Alice only have one qubit in the state $|\psi \rangle$ , and from the no-cloning theorem , she cannot make extra copies.

Quantum Solution
If Alice and Bob already share entanglement, they can use it to teleport the quantum state.

\begin{align*} |\psi \rangle |\Phi^+ \rangle &= \alpha |0 \rangle |\Phi^+ \rangle + \beta |1\rangle |\Phi^+ \rangle \\[5pt] &= \alpha|0\rangle \frac{1}{\sqrt{2}}(|00\rangle + |11\rangle) + \beta|1\rangle \frac{1}{\sqrt{2}}(|00\rangle + |11\rangle) \\[5pt] &= \frac{1}{\sqrt{2}}[\alpha(|000\rangle + |011\rangle) + \beta(|100\rangle + |111\rangle)] \end{align*}

The left two qubits belongs to Alice and the right qubit belongs to Bob.
First, Alice applies a CNOT gate to her 2 qubits:

\frac{1}{\sqrt{2}}[\alpha(|000\rangle + |011\rangle) + \beta(|110\rangle + |101\rangle)]

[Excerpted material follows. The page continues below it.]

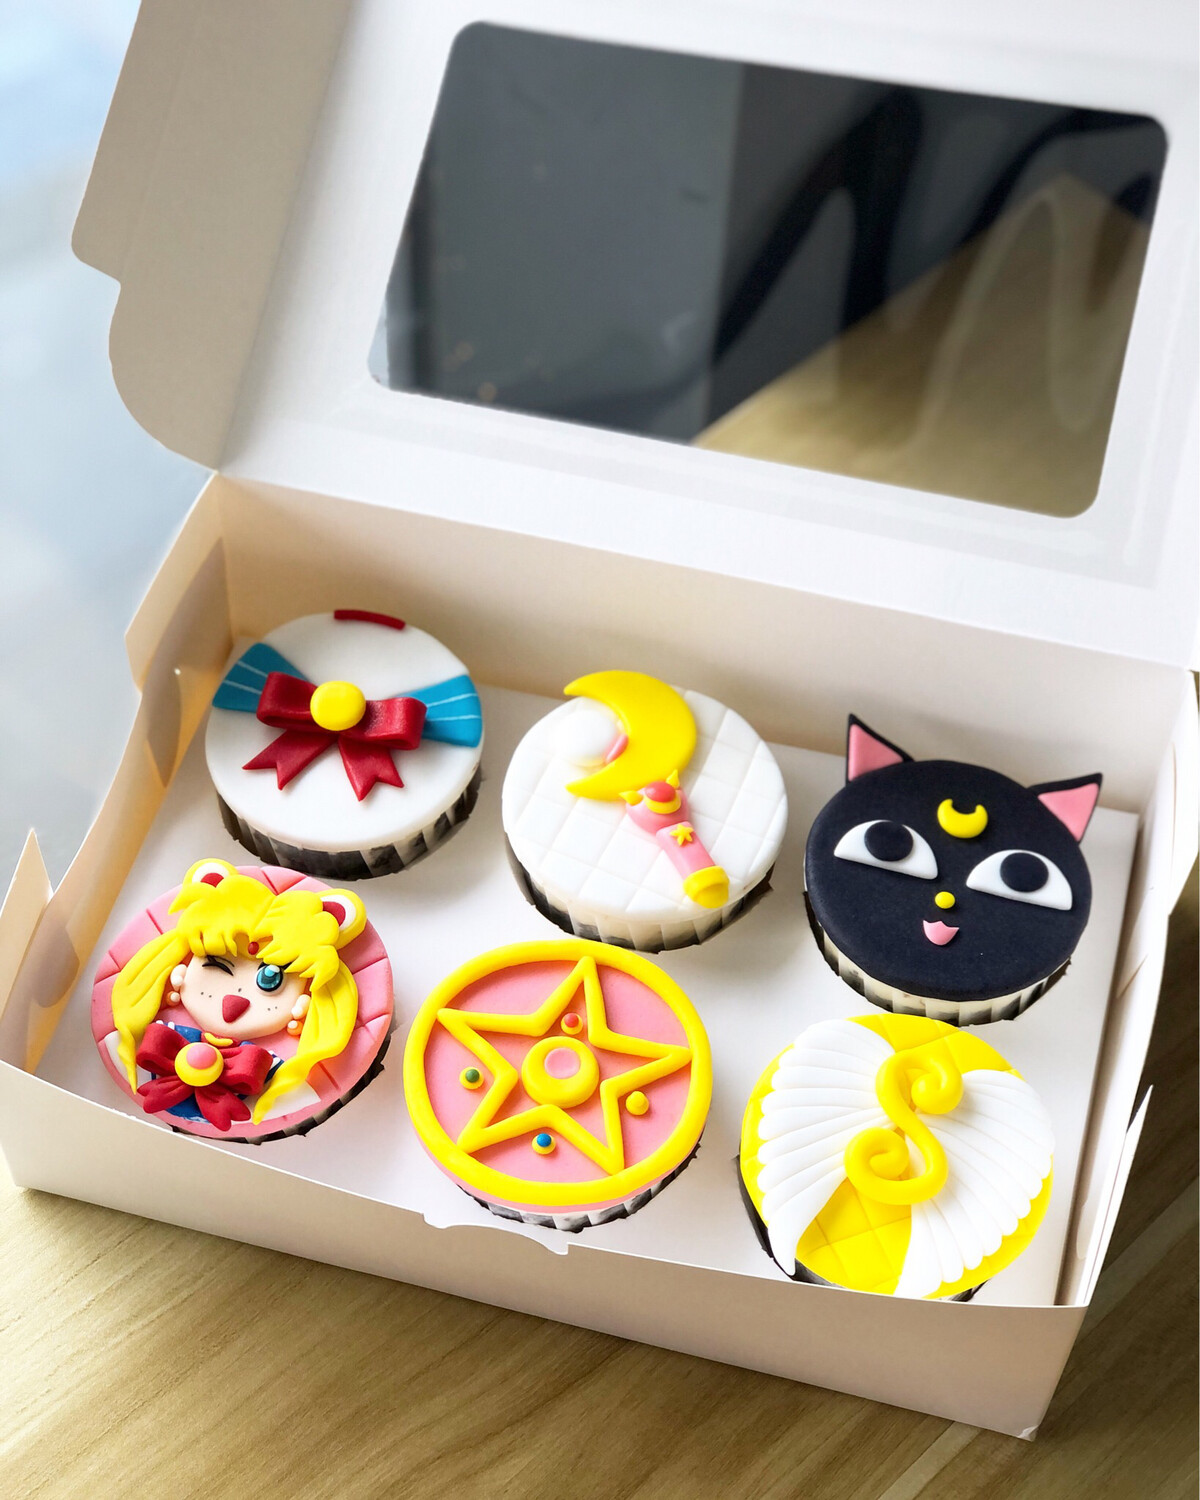 Sailor Moon Cupcakes
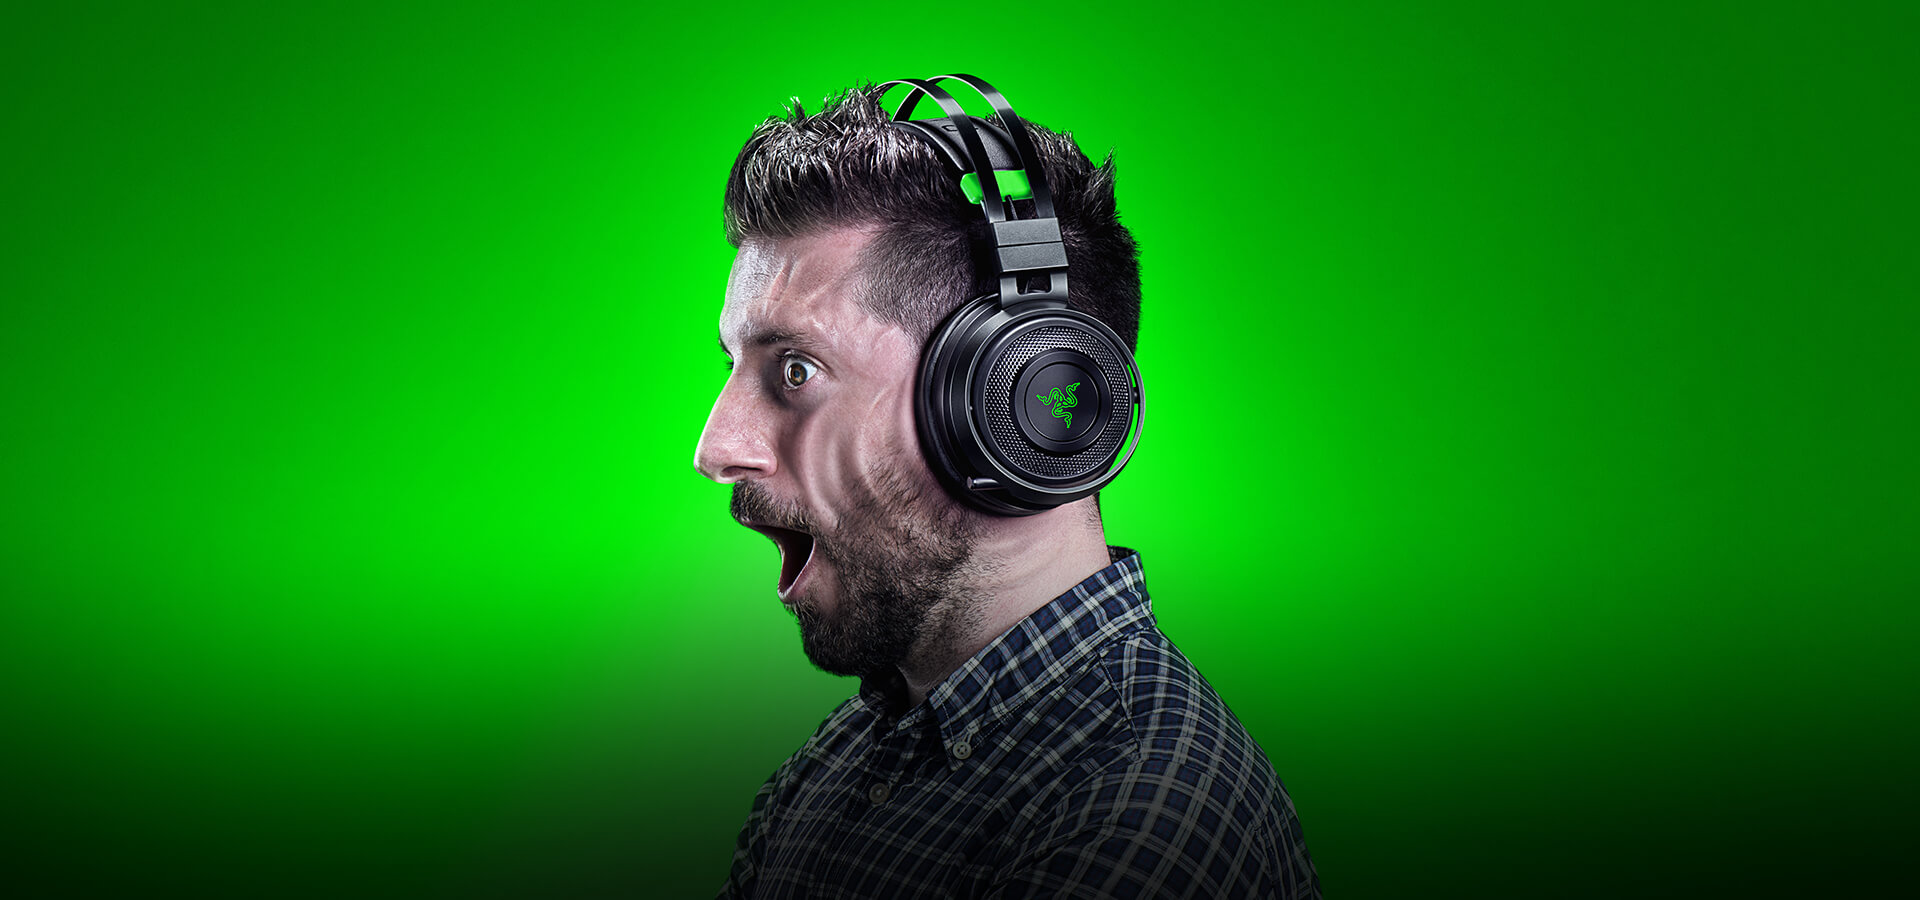 Razer Nari Ultimate for Xbox One - Купить гарнитуру для консоли и

Next, she applied a Hardmard gate to her left qubit, yielding

\begin{align*} & \frac{1}{\sqrt{2}}[\alpha(|+00\rangle + |+11\rangle) + \beta (|-10\rangle+ |-01\rangle)] \\[5pt] &= \frac{1}{2}[\alpha(|0\rangle + |1\rangle)(|00\rangle + |11\rangle) + \beta (|0\rangle - |1\rangle)(|10\rangle + |01\rangle)] \\[5pt] &= \frac{1}{2}[|00\rangle (\alpha|0\rangle + \beta | 1\rangle) + |01\rangle (\beta |0\rangle + \alpha |1\rangle) |10\rangle(\alpha |0\rangle-\beta |1\rangle) + |11\rangle (-\beta|0\rangle + \alpha |1\rangle)] \end{align*}

Then Alice measures her two qubits. She gets 00, 01, 10, 11, each with probability 1/4. So after measurement, the possible states are

|00\rangle (\alpha|0\rangle + \beta | 1\rangle), \newline |01\rangle (\beta |0\rangle + \alpha |1\rangle), \newline |10\rangle (\alpha |0\rangle-\beta |1\rangle), \newline |11\rangle (-\beta|0\rangle + \alpha |1\rangle) \newline

If Alice's measurement was 00, Bob does nothing because his qubit is now in the state $|\psi\rangle$ that Alice wanted to send him
If measurement was 01, then Bob applies an $X$ gate to his qubit, transforming it to $|\psi\rangle$ .
If measurement was 10, Bob applies a $Z$ gate to his qubit, transforming it into $|\psi\rangle$
If measurement was 11, then Bob applies an $X$ gate followed by a $Z$ gate, fransforming it into $\psi\rangle$

Alice's qubit was not physically transferred to Bob, only information about what state it was in. In the process, Alice had to measure her qubit, destroying the quantum information, which is necessary because of the no-cloning theorem.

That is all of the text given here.